_Extracted data_:
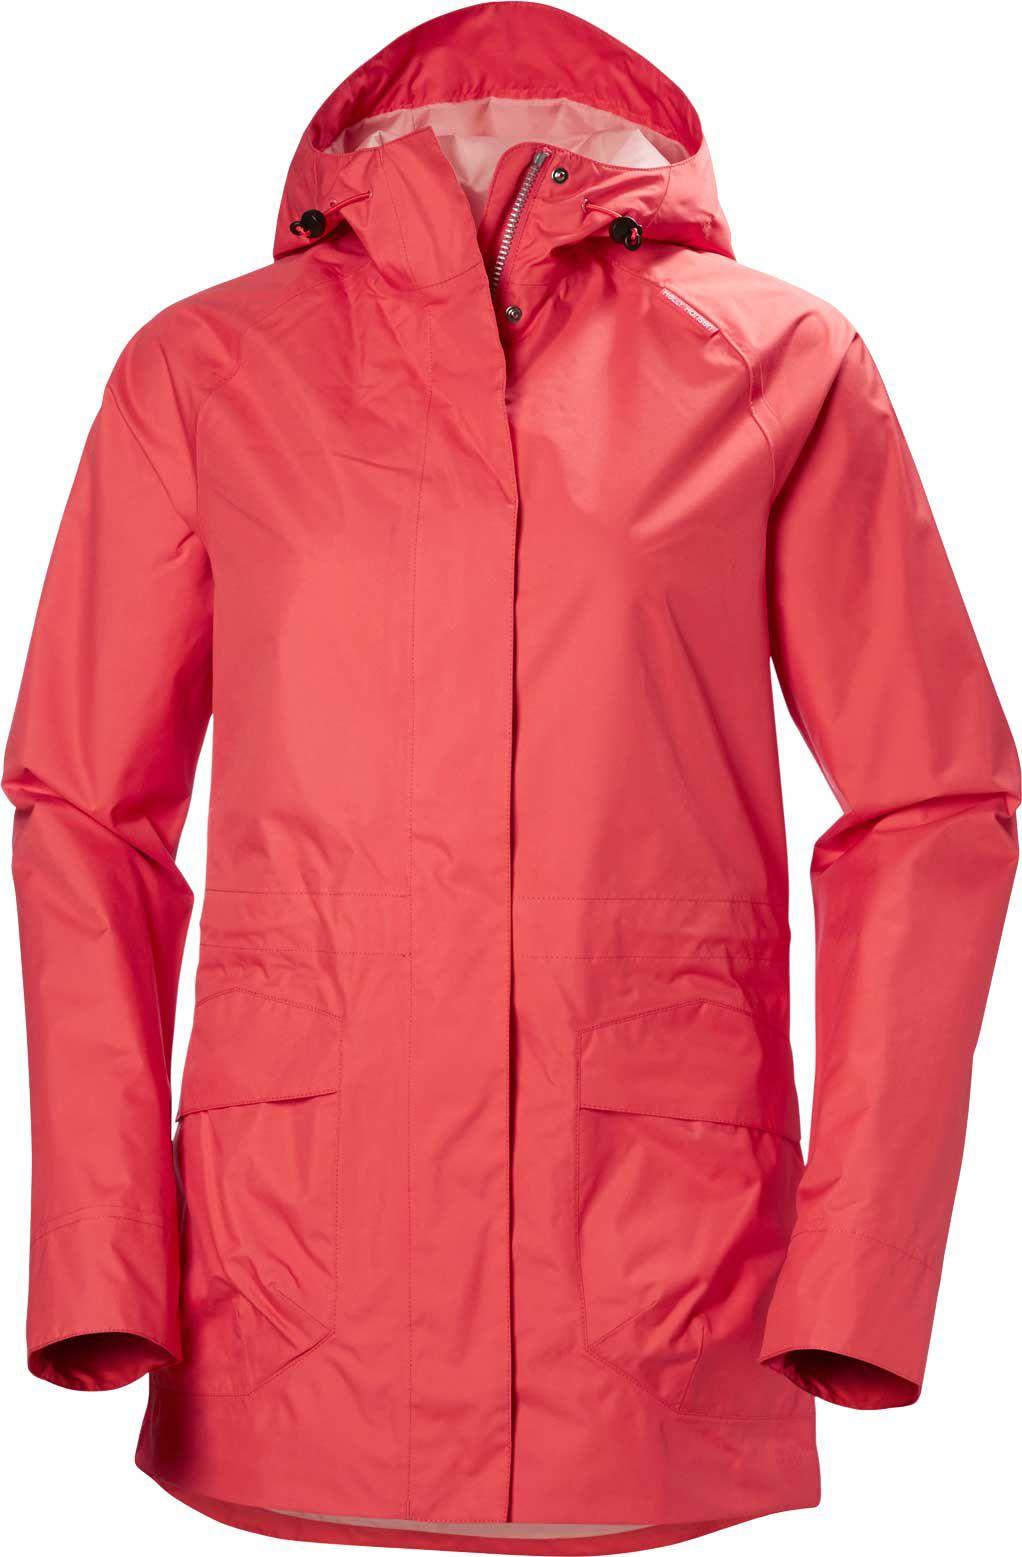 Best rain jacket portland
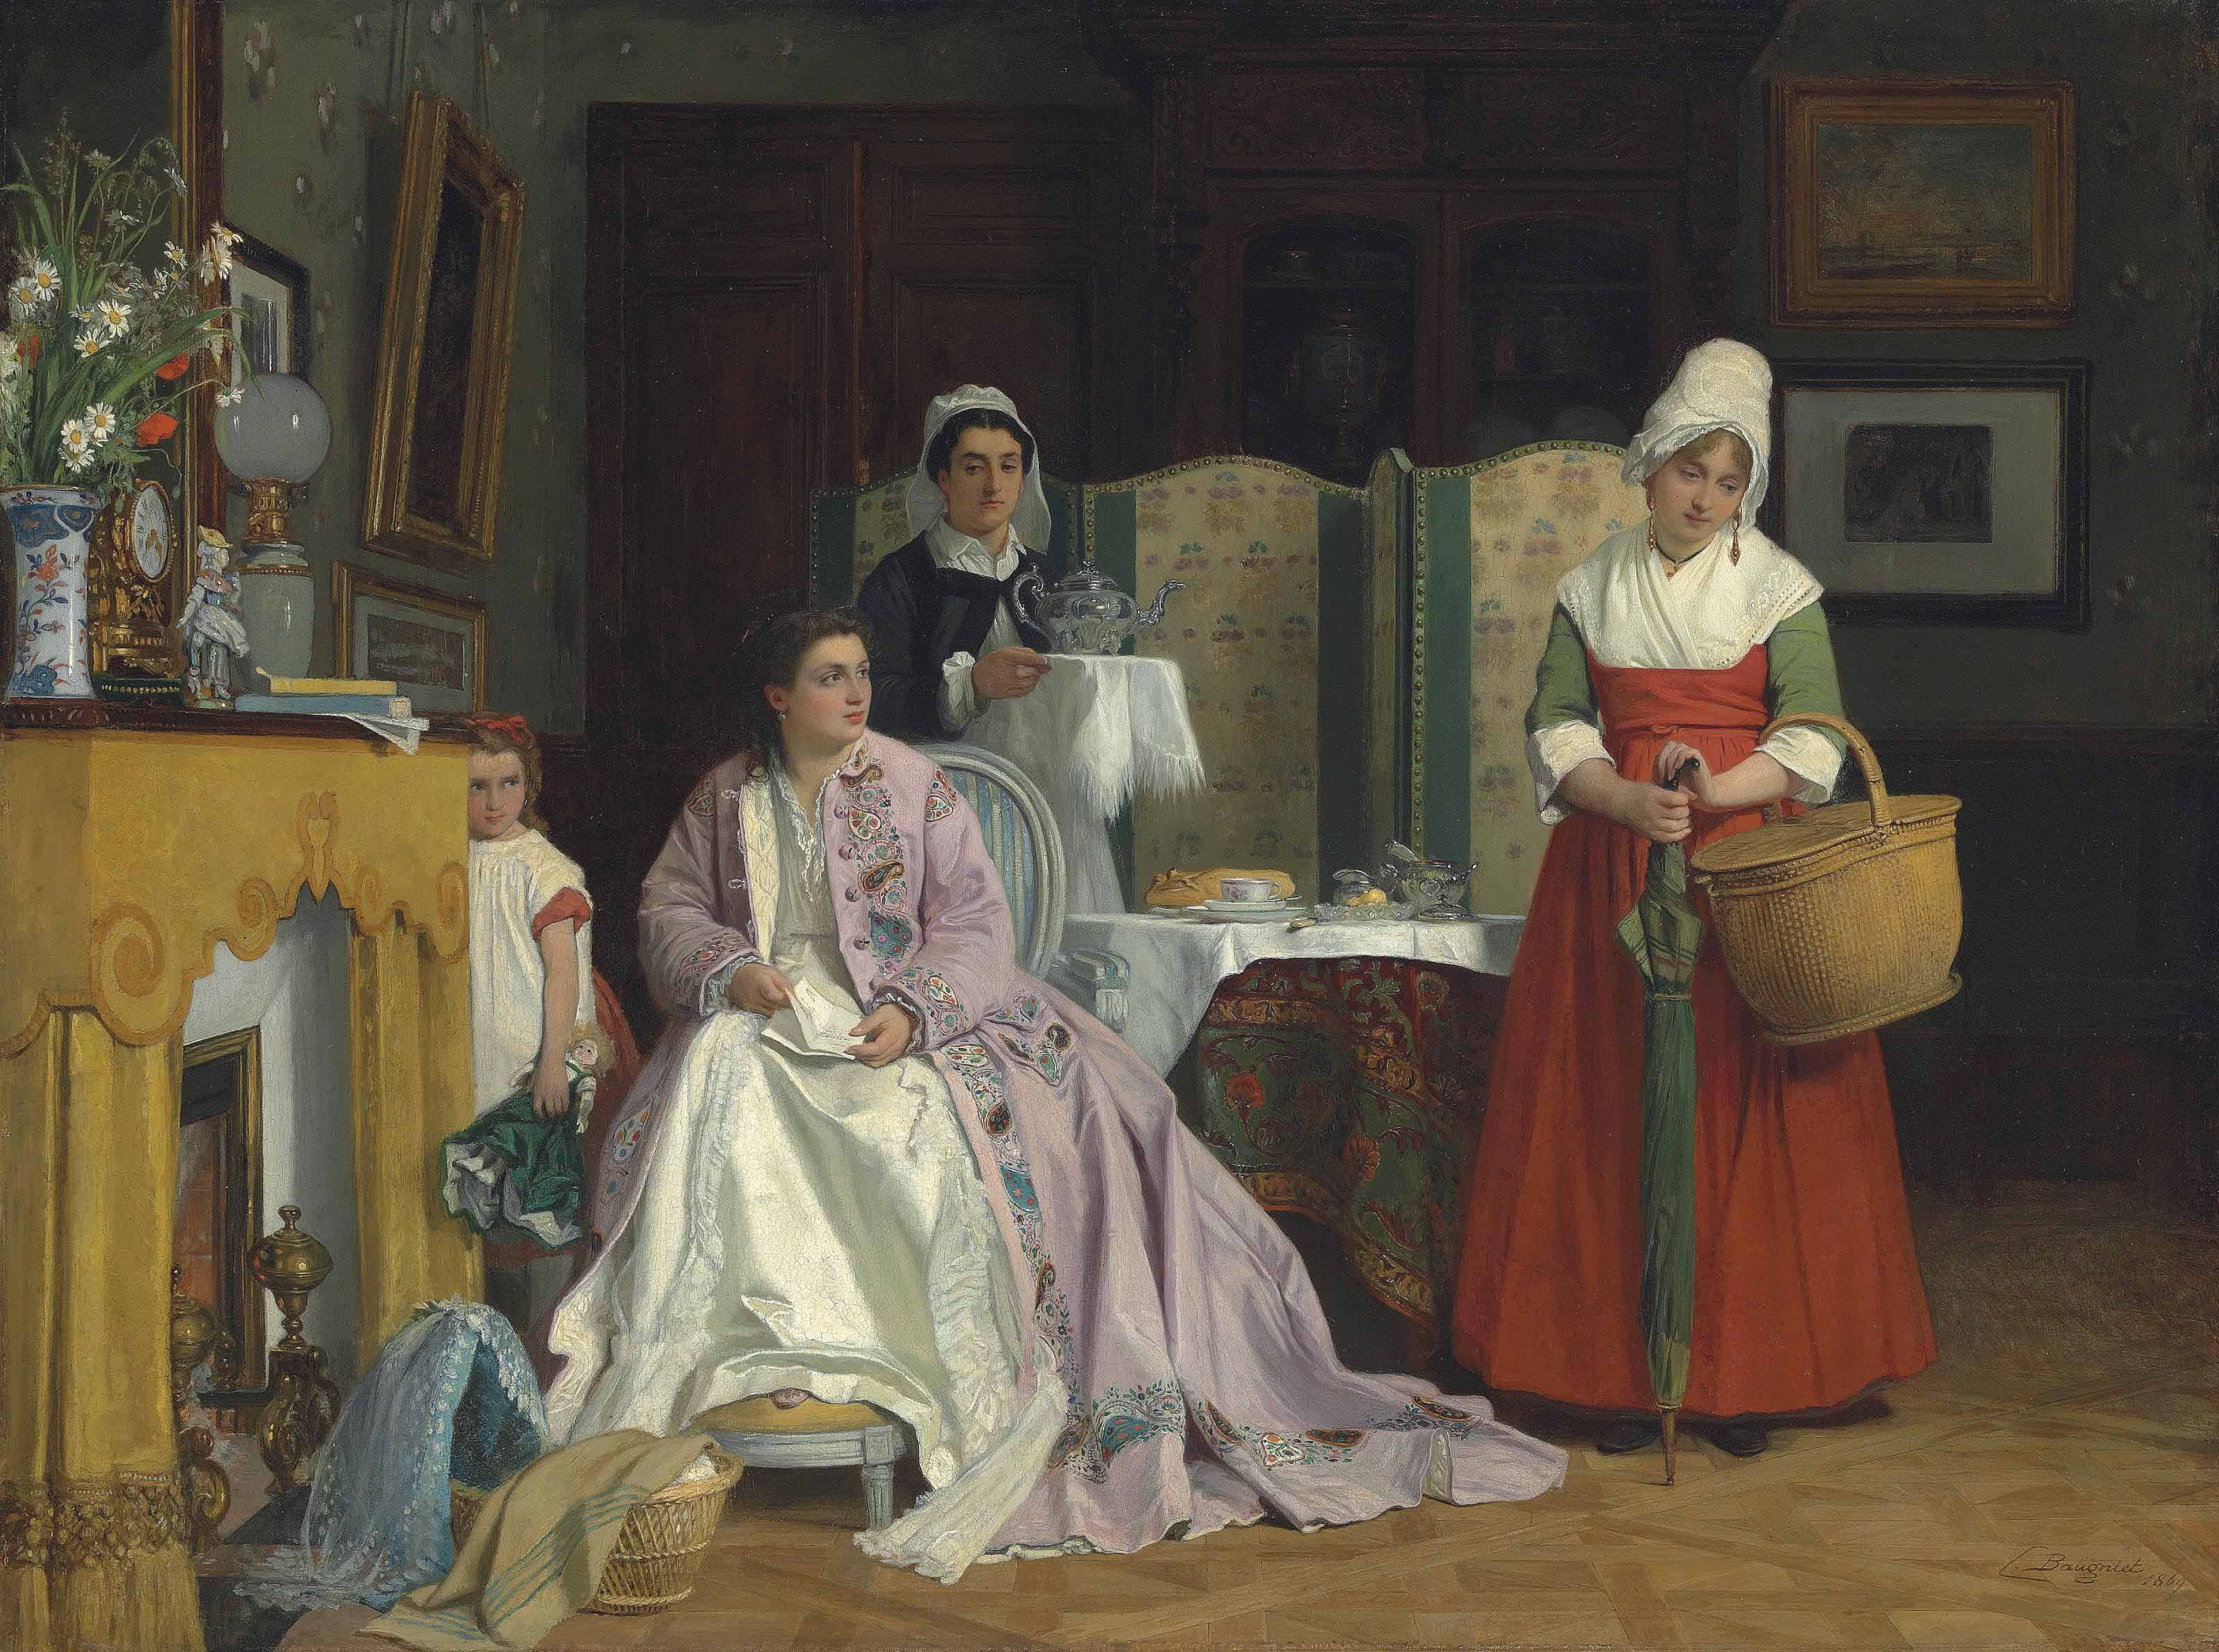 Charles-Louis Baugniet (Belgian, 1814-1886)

...

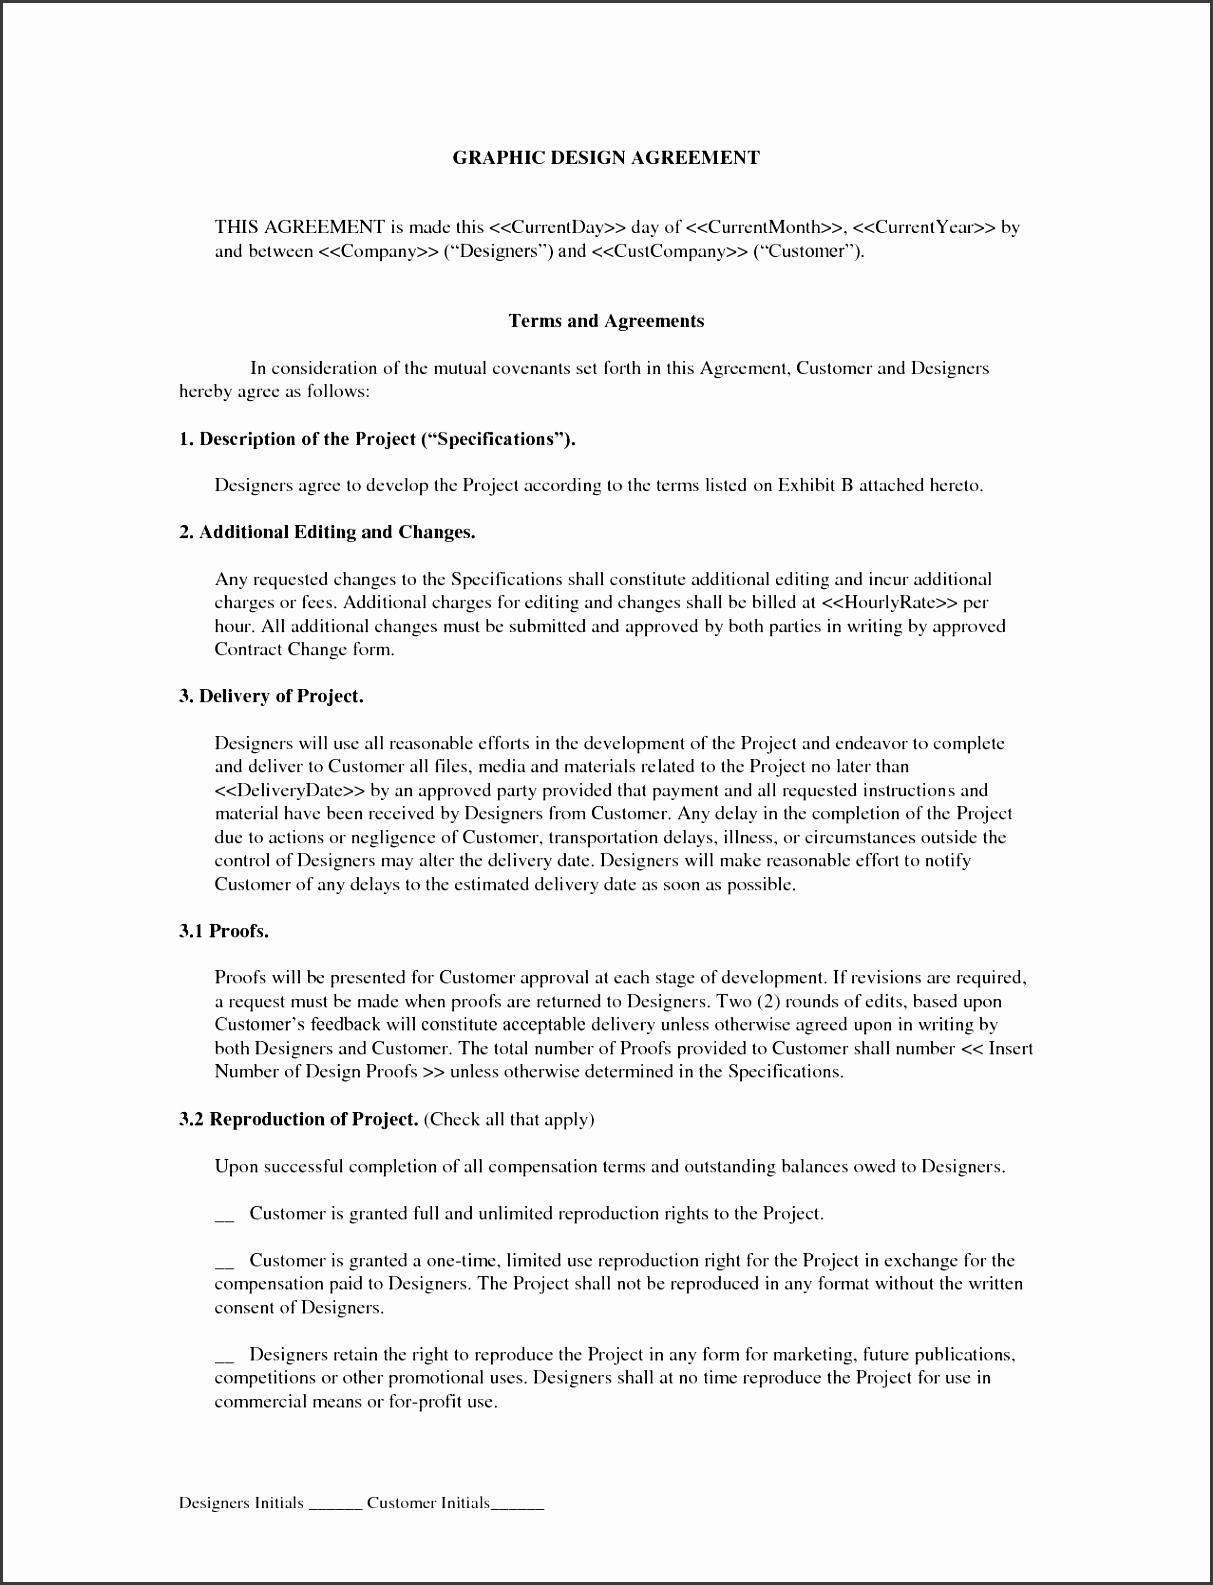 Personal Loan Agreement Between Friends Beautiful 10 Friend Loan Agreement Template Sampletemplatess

_Work task_: From the line holding "Best rain jacket portland" to the line holding "Charles-Louis Baugniet (Belgian, 1814-1886)", both included, retype the entries above exactly and drop the pictures.

_Reply_:
 Best rain jacket portland
 Charles-Louis Baugniet (Belgian, 1814-1886)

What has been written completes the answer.